Before submitting an offer, buyers’ agents typically ask the listing agent if there are other offers in hand. If the MLS indicates that there is a variable commission, the buyer’s agent will want to know whether any of the offers are from unrepresented buyers and, if so, the amount of the variable commission differential. If the differential (as with my listings) is 1%, then the buyer’s agent knows that his client’s offer has to be 1% higher than an unrepresented buyer’s offer in order to be of equal monetary value to the seller.
Likewise, when meeting with unrepresented buyers, the listing agent can advise them that the variable commission makes their offer worth 1% more if they don’t engage an agent to represent them.
At Golden Real Estate, we have other rewards we can offer the unrepresented buyer, including “totally free moving” — free use of our moving trucks, free moving labor, gas and packing materials — if they choose to work with us instead of hiring a buyer’s agent.
As a matter of principle, I believe that a variable commission should be part of every listing agreement. However, my own research of sold listing on the MLS found that less than 20% of them indicated a variable commission. In other words, more than 80% of sellers signed a listing agreement that allows their agent to keep 100% of their commission if they double-end the sale.
My research has also shown that roughly 7% of all real estate sales are double-ended. Thus about 7% of that 80% missed out on a multi-thousand-dollar discount in their real estate commission that they might have enjoyed by listing with, say, a Golden Real Estate agent.

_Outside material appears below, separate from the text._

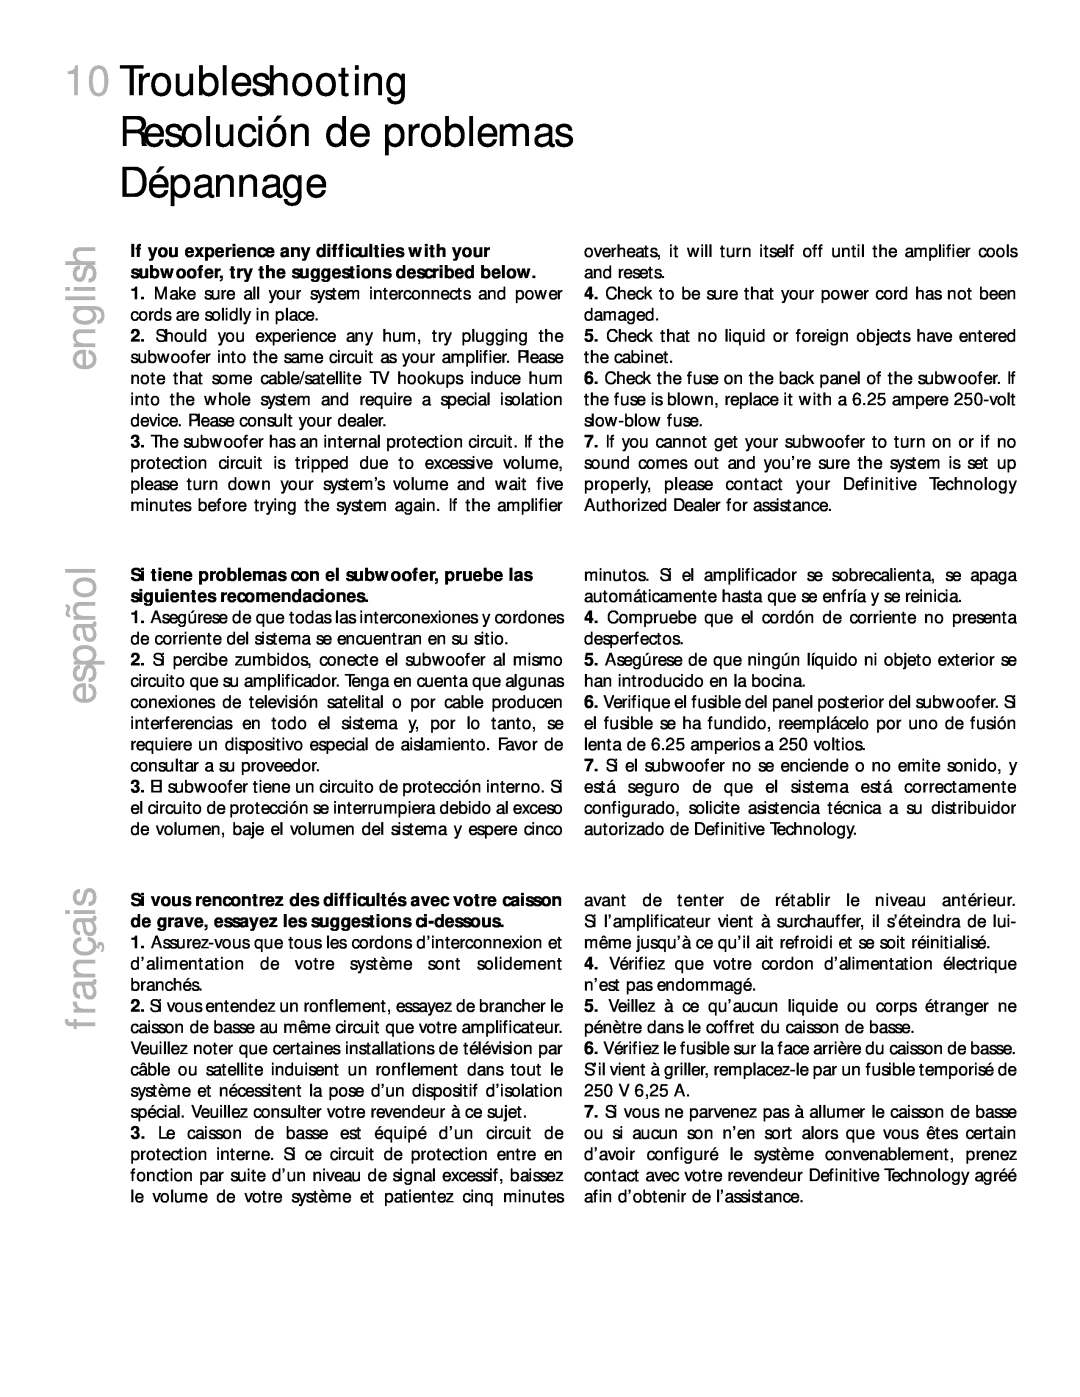 Definitive Technology 2000 owner manual english, español, français, 250V 6,25 A

Many homes are sold before they are made active on the MLS. Some, but not all, are put on the MLS after closing, showing zero days on market. I mentioned above that 7% of MLS sales overall are double-ended, but that percentage jumps to roughly 31% for MLS sales with zero days on market. Of those, 70% did not indicate a variable commission. Many of those sellers, one can surmise, not only did not get as high a price for their home as they might have if it had been put on the MLS as an active listing, but also lost out on a discounted commission.
It should be noted that while the MLS considers a variable commission worthy of having its own data field, the standard listing contract lacks any place to specify a variable commission. If the contract had a section to enter that information, more sellers might ask about it before signing. Instead, unless your agent offers it proactively, as we do, you may not think to ask about including it as an additional provision.